AN-064: Inference sensitivities for spec 2 and spec 3c

Multiway (muni × pollster) clustering moves spec-2 SE 1.04 → 1.07; candidate-level clustering 1.04 → 1.14. Wild-cluster restricted bootstrap p-values are < 1/2000 for both spec 2 and spec 3c (the small-cluster spec where it matters most). Inference is robust to all three sensitivities.

Hypothesis: H1: Self-sponsored polls overstate the sponsoring candidate
Confidence: green
Type: robustness

Design

Sample: estimulado-non-aggregate-match2
Specification: Spec 2: error ~ sponsored_by + opponent_sponsored + log_sample_size + days_to_election + days_to_election_sq | candidate FE + pollster FE; cluster sensitivities below. Spec 3c: error ~ sponsored_by | candidate FE + race × week FE; WCR bootstrap at muni level.
Cluster: ['muni', 'muni × institute', 'politico_id']
Notes: WCR uses FWL residualization (AN-031 scaffold generalized) + Rademacher draws at the muni level, B = 2000.

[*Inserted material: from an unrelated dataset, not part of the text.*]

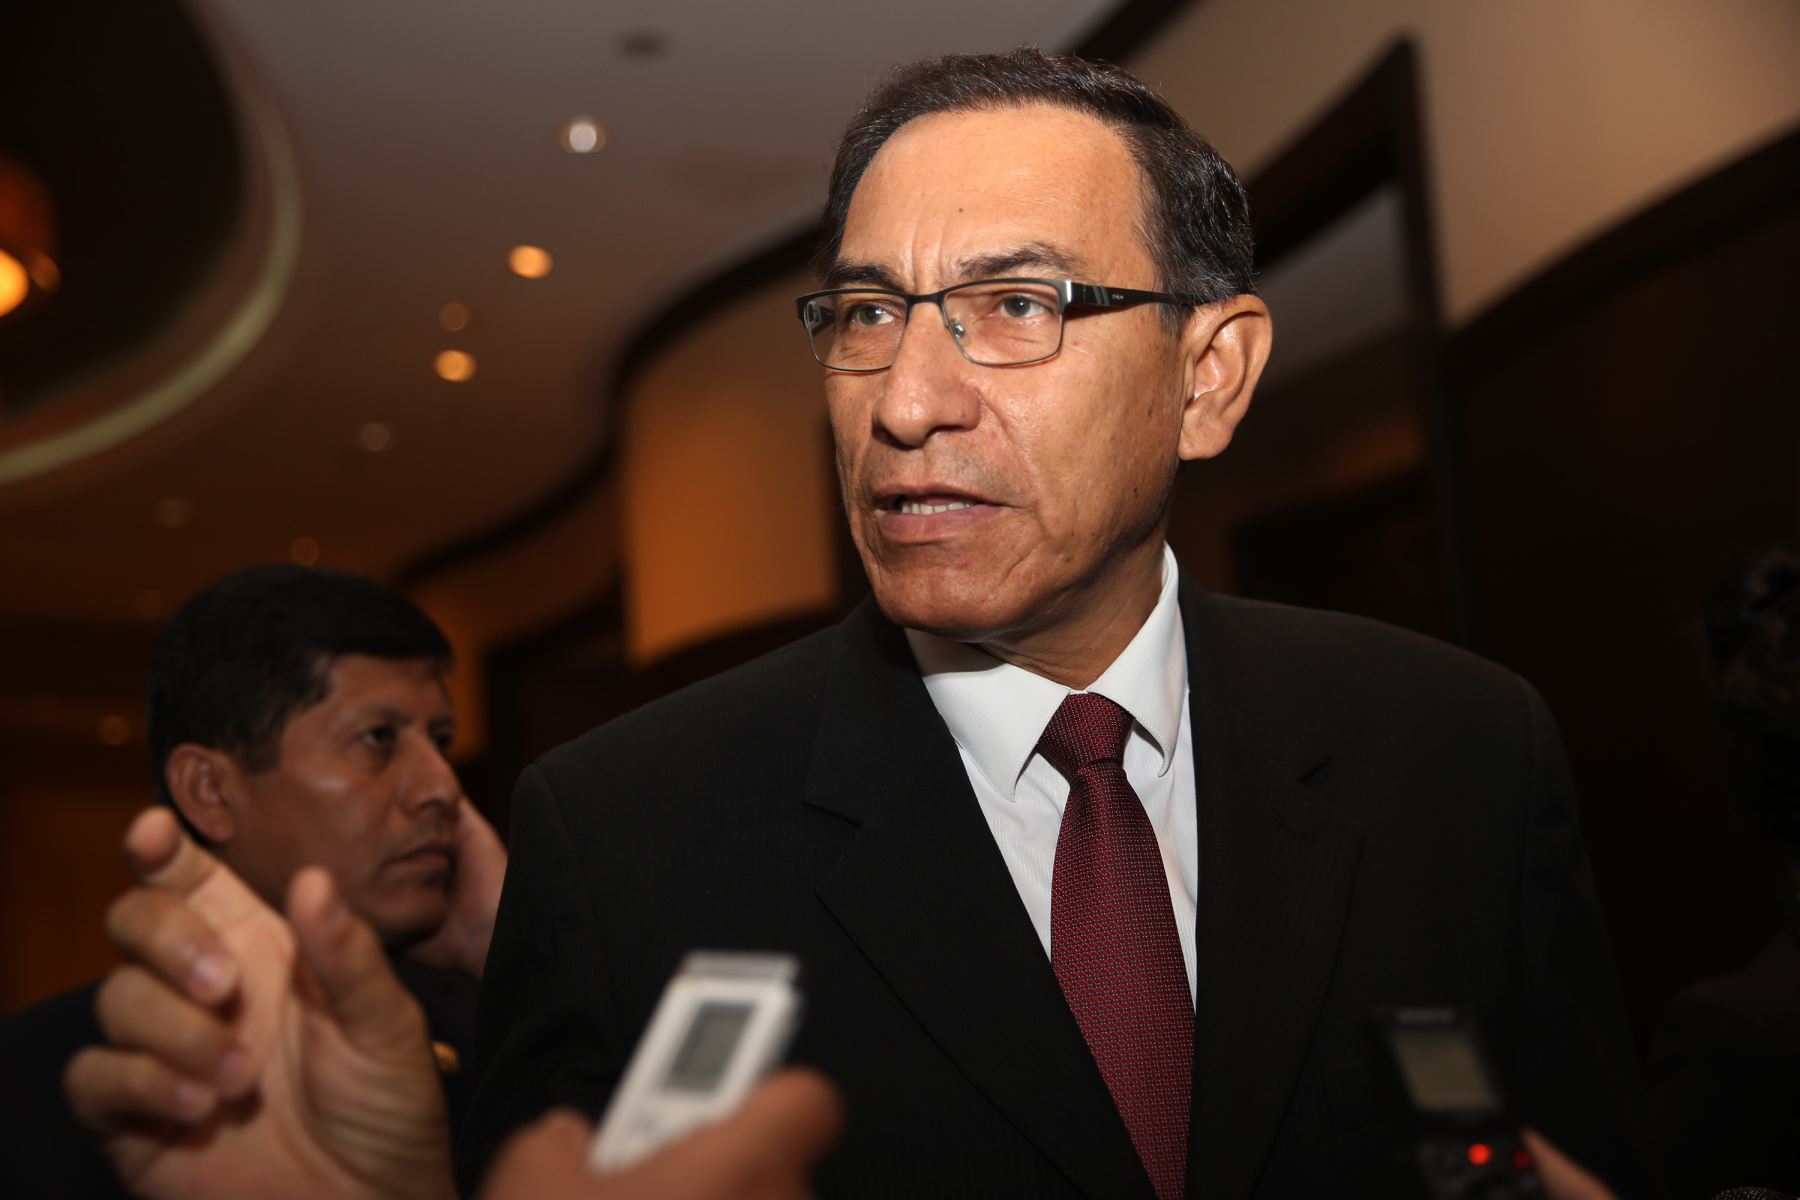 The prosecution also requested against Martín Vizcarra 9 years of disqualification from holding public office.

Script: source/analysis/regressions.py
Target: build/table/regressions.csv
Status: interpreted · 2026-06-14
Created: 2026-06-14

Question

Two concerns flagged by GPT-5-pro's pre-submission review (2026-06-14):

Multiway clustering. Spec 2 is estimated with cluster-robust SE at the muni level. With pollster effects partly correlated within muni, two-way clustering by muni × pollster is the right sensitivity. A candidate-level cluster is also worth checking.
Finite-sample inference for Spec 3c. Spec 3c identifies β off 60 muni-week cells (28 in the media-only sensitivity AN-063). The asymptotic cluster-robust p-value may be unreliable in this regime. Wild-cluster restricted (WCR) bootstrap p-values are the standard finite-sample remedy.

Design

All three sensitivities run on the same samples as the headline specs:

Sensitivity	Sample	Method
Spec 2 baseline	22,665 rows / 2,669 munis	Cluster on muni
Spec 2 multiway	22,665 rows	Cluster on (muni, institute)
Spec 2 candidate-cluster	22,665 rows	`cluster_entity=True` (politico_id)
Spec 2 WCR p-value	22,665 rows	FWL-residualize → Rademacher bootstrap at muni level, B = 2000
Spec 3c WCR p-value	288 rows / 60 cells	Same FWL bootstrap

The WCR implementation in regressions.py:wcr_p_value generalizes the AN-031 route-bootstrap scaffold to arbitrary panel models. It residualizes both the target (sponsored_by) and the dependent (error) against the other controls + FE, then applies cluster-level Rademacher draws under the H0: β = 0 restriction.

Results

Spec	β	SE	p (CRVE)	p (WCR, B=2000)
Spec 2 (muni cluster)	+6.86	1.04	<0.001	—
Spec 2 (muni × institute)	+6.86	1.07	<0.001	—
Spec 2 (politico_id cluster)	+6.86	1.14	<0.001	—
Spec 2 (WCR)	—	—	—	<0.0005 (0/2000)
Spec 3c (muni cluster)	+8.05	2.60	0.003	—
Spec 3c (WCR)	—	—	—	<0.0005 (0/2000)

Both Spec 2 sensitivities move the SE by less than 10%, and the asymptotic p stays below 0.001. The WCR bootstrap p-values for both specs are below 1/B (the smallest nonzero value the bootstrap can return at this resolution); none of the 2,000 Rademacher draws produces a t-statistic at or above the observed magnitude.

Interpretation

Multiway clustering is not load-bearing. The 1.04 → 1.07 change under muni × institute is small; the (politico_id) cluster gives a slightly wider SE but the magnitude of the change (1.04 → 1.14) does not affect the inferential conclusion.
Finite-sample inference confirms Spec 3c. The WCR p-value matches the asymptotic CRVE p (0.003) in the direction of greater rejection. The 60 muni-week cells were the natural worry; this bootstrap addresses it directly.

The combined evidence supports reporting Spec 2 with muni-clustered SE and the WCR p-value in the footnote on Table 1 of the paper.

Follow-ups

The bootstrap B = 2000 can return p-values as small as 0.0005. If exact small-p resolution becomes important for revision rounds, increase B (cost: linear in B).
A score-bootstrap variant (Davidson-MacKinnon) would also be appropriate; not added because the CRVE asymptotic and the WCR bootstrap agree, so the marginal information is small.